*WHAT IS NEEDED*: Pictures in the entries below are excluded; copy only the lines from the one containing "Obrist: Ziel ist" to the one containing "Toys And Adventures", both included.

*INPUT RECORDS*:

────────

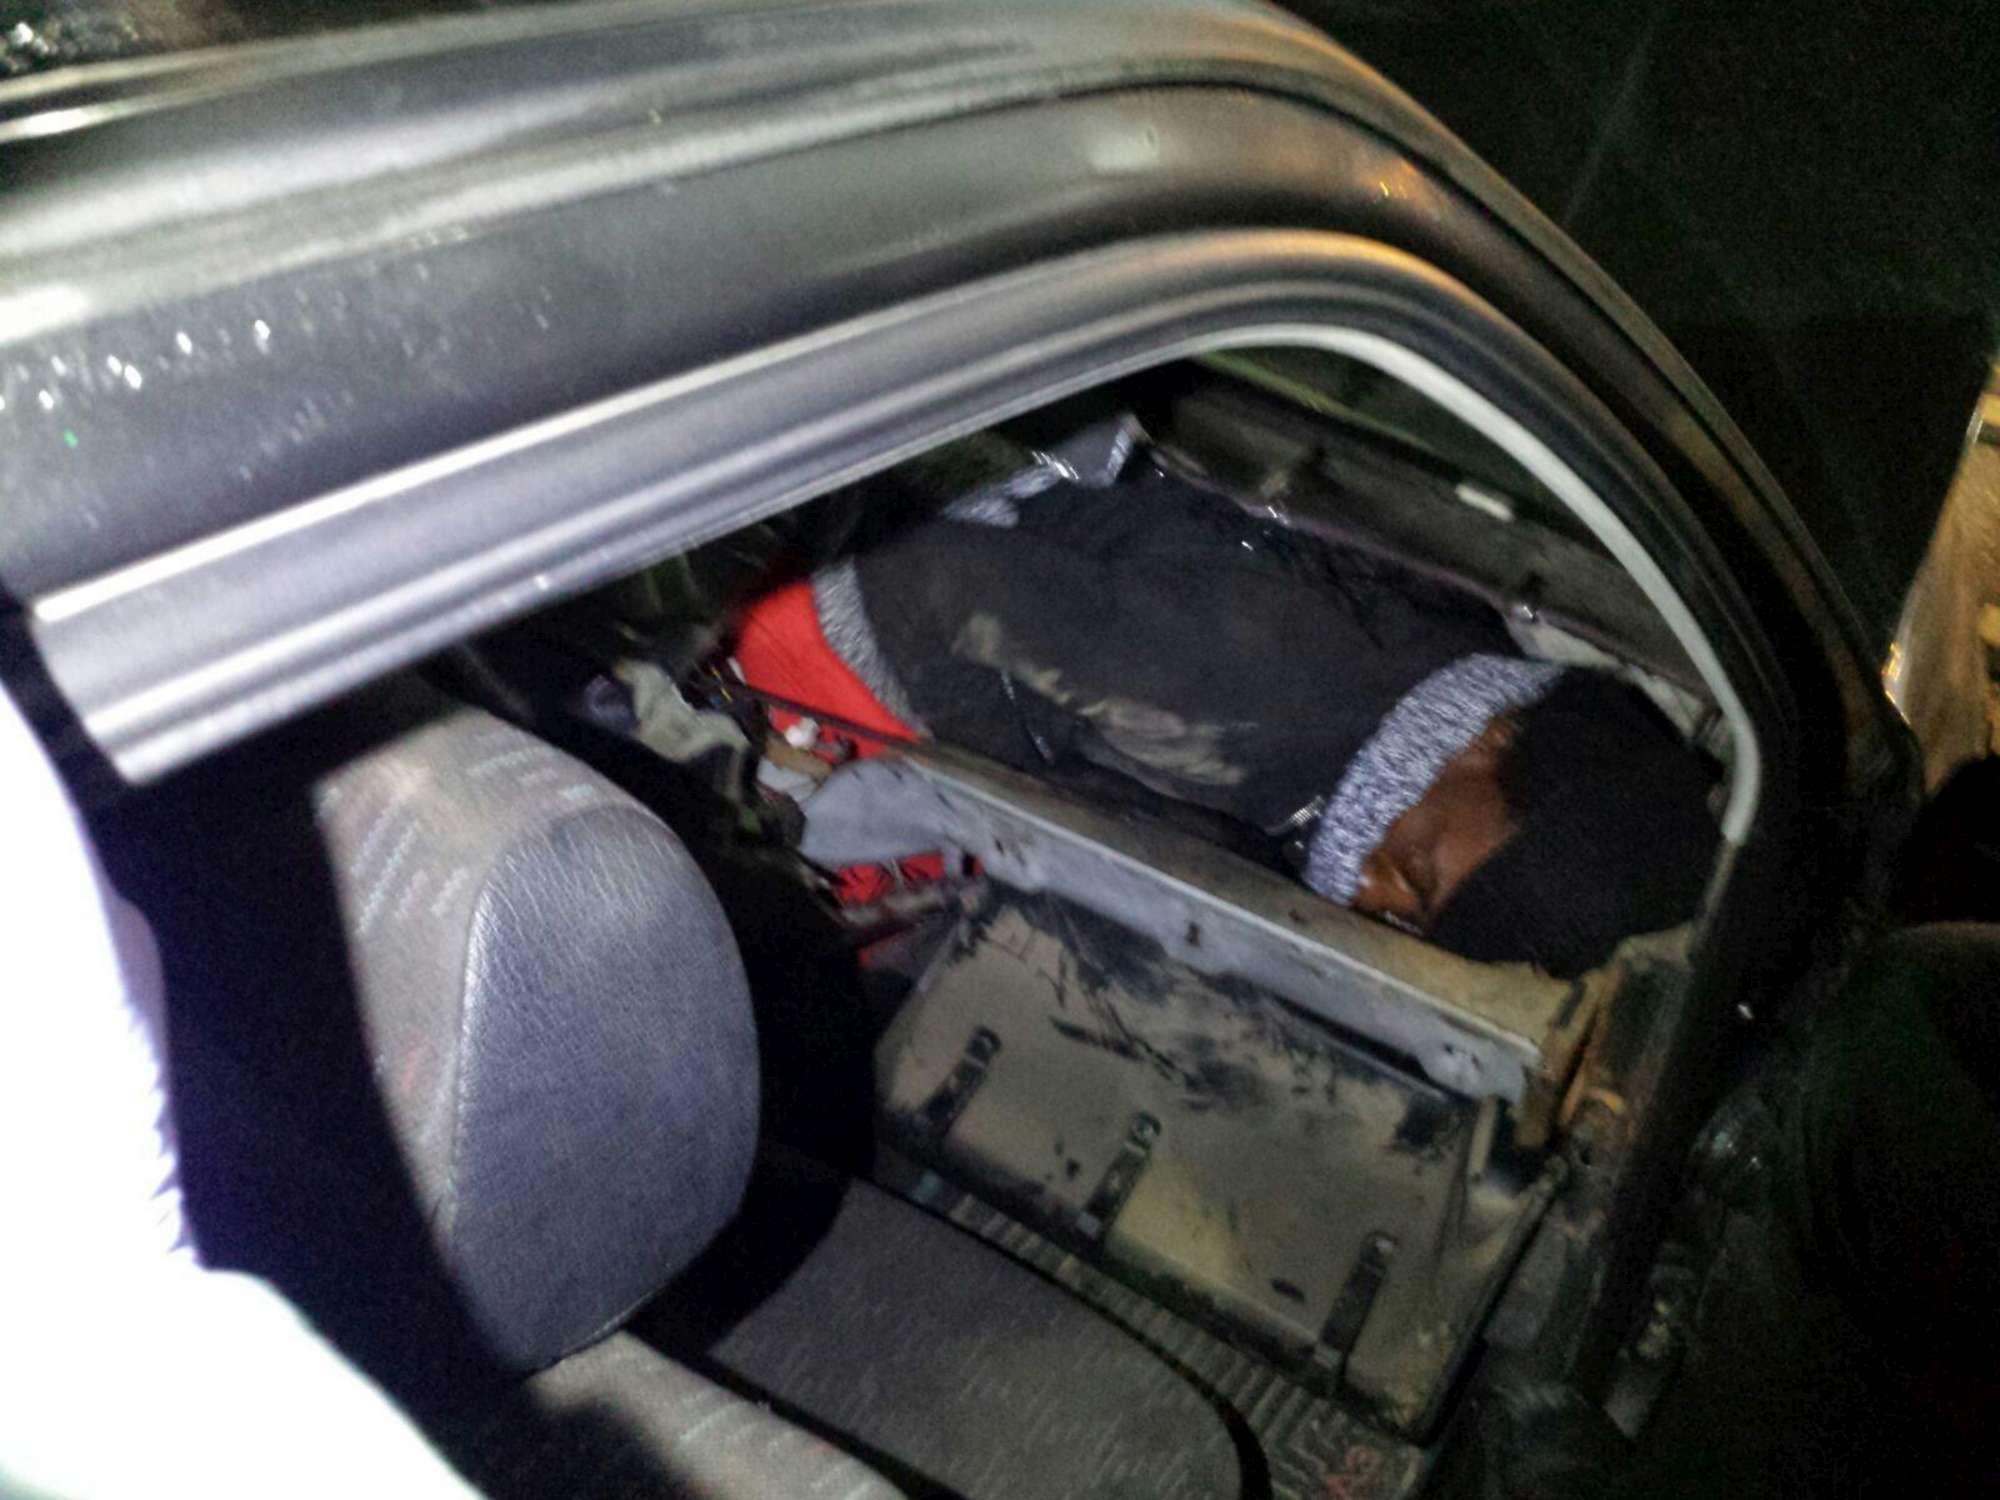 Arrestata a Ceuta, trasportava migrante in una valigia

────────

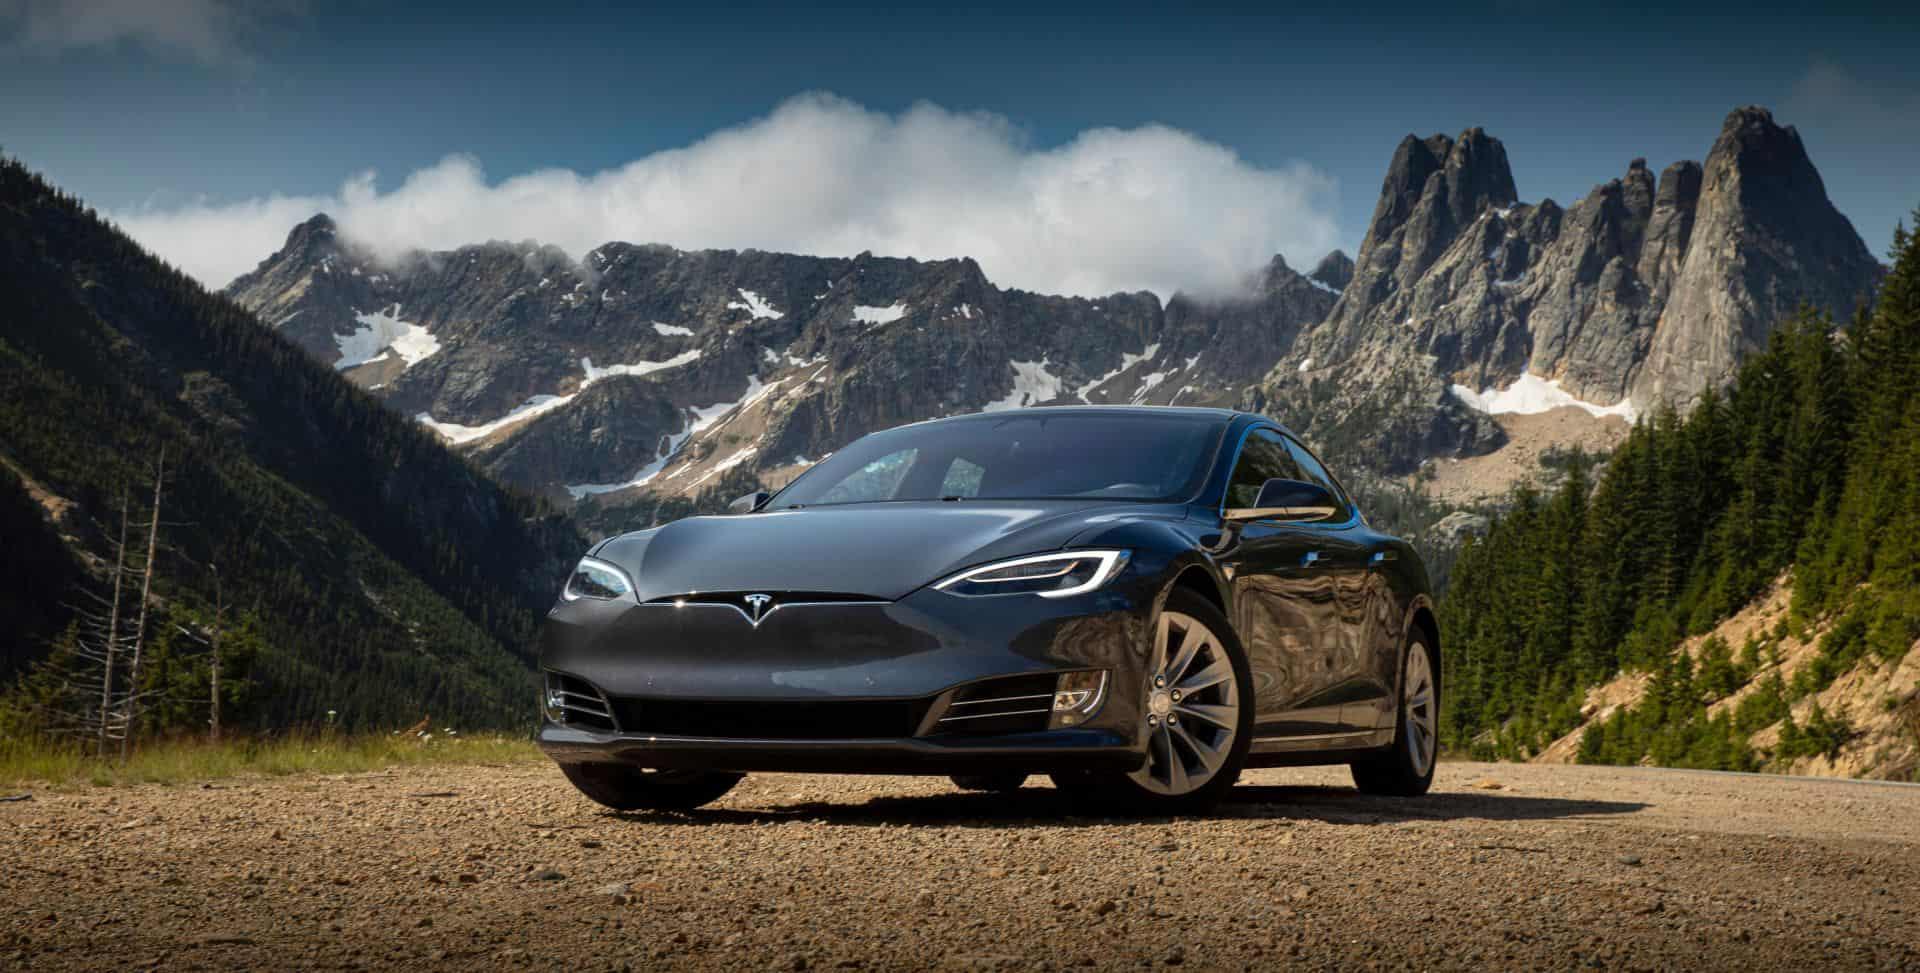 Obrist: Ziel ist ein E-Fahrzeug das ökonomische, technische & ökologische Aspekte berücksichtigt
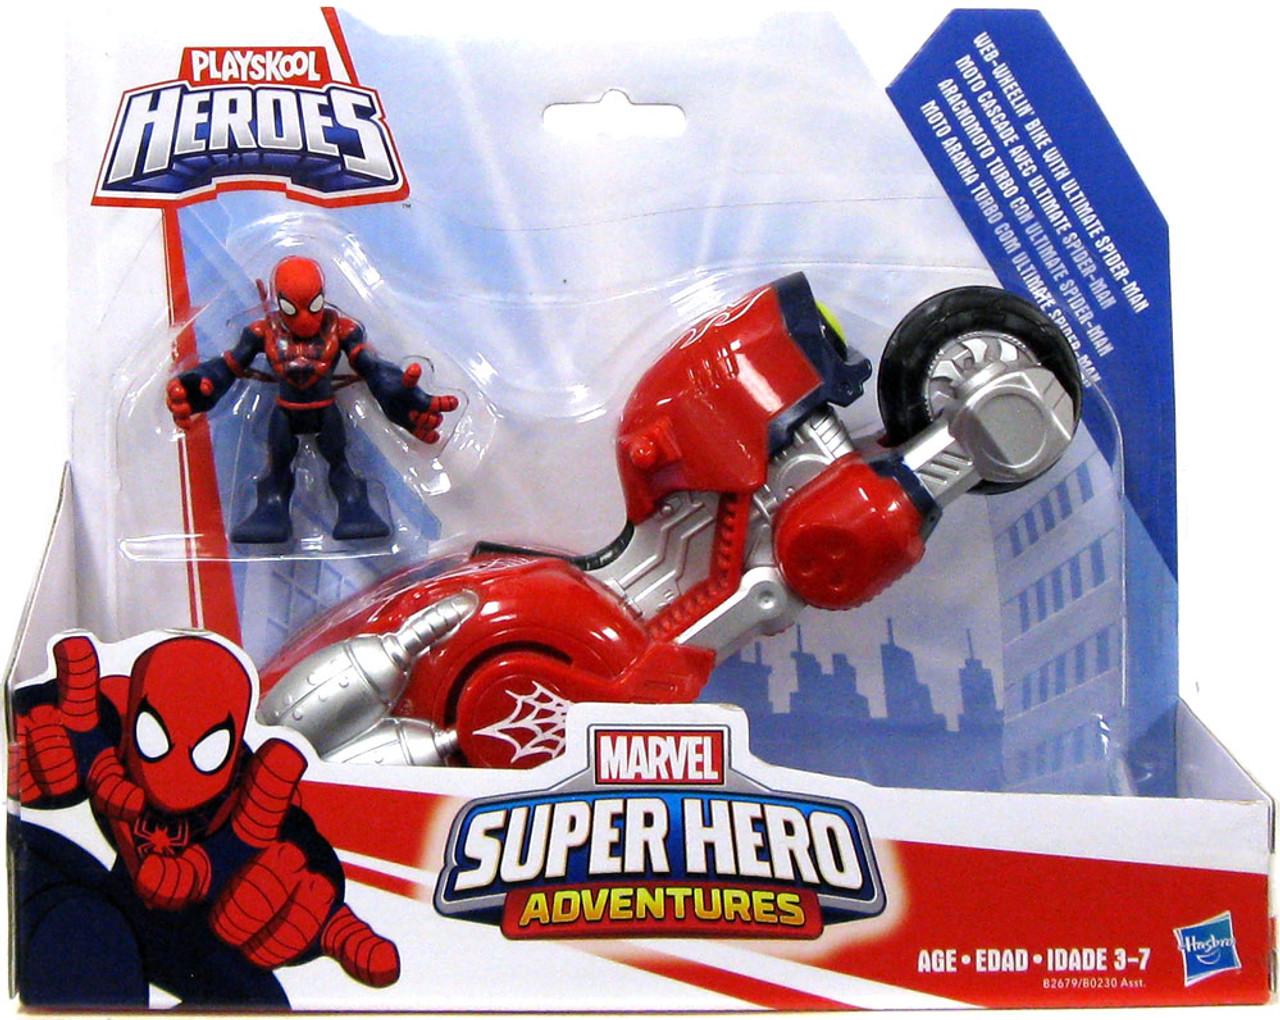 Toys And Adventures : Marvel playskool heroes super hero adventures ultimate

────────

*OUTPUT BELOW*:
 Obrist: Ziel ist ein E-Fahrzeug das ökonomische, technische & ökologische Aspekte berücksichtigt
 Toys And Adventures : Marvel playskool heroes super hero adventures ultimate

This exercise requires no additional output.